Chairman Story opened the meeting to public comment.

John Kershaw, AARP, congratulated the Department of Revenue on excellent reports that were written clearly and thanked the committee for all their work.

Nick Hogan asked for more research on what has happened in California with their model and how that has impacted real estate prices, etc.

Lee Heiman, Legislature Services Division, responded that he has material and would be getting information to committee. Chairman Story asked if Lee Heiman would present this information at the next committee meeting.

John Kershaw, AARP, gave some history about Proposition 13 in California as he lived there during that time and felt this property tax change was very successful for California.

Chairman Story asked the committee to continue thinking about some type of land cap idea or a combined land cap and credit.

Kurt Alme commented that the tools are there to shift this tax burden however we would like to make this shift.
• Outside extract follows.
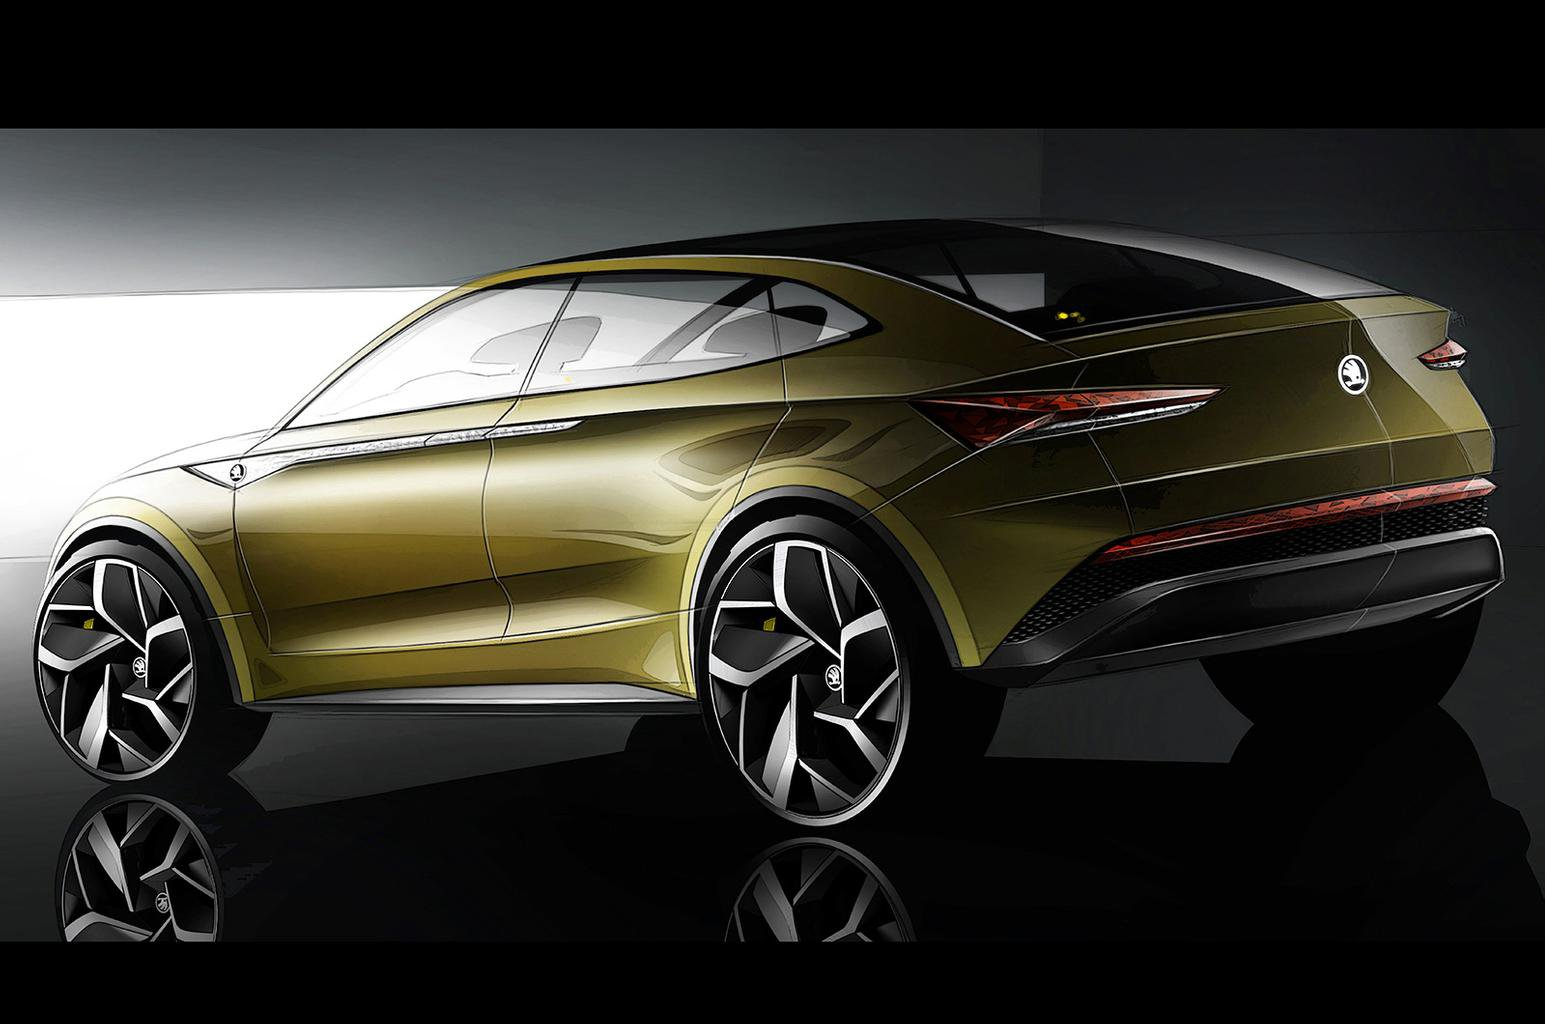 Skoda Vision E concept to arrive in 2020

The committee should give some thought to the different ideas and talk with some people. The important principles are fairness and stability. How do we keep people from getting caught in a position where they can’t pay their property taxes?

After Council discussion, staff was asked to bring a list of advantages and challenges to the acquisition system of valuing property for tax purposes.

Chairman Story adjourned the meeting at 3:30 p.m.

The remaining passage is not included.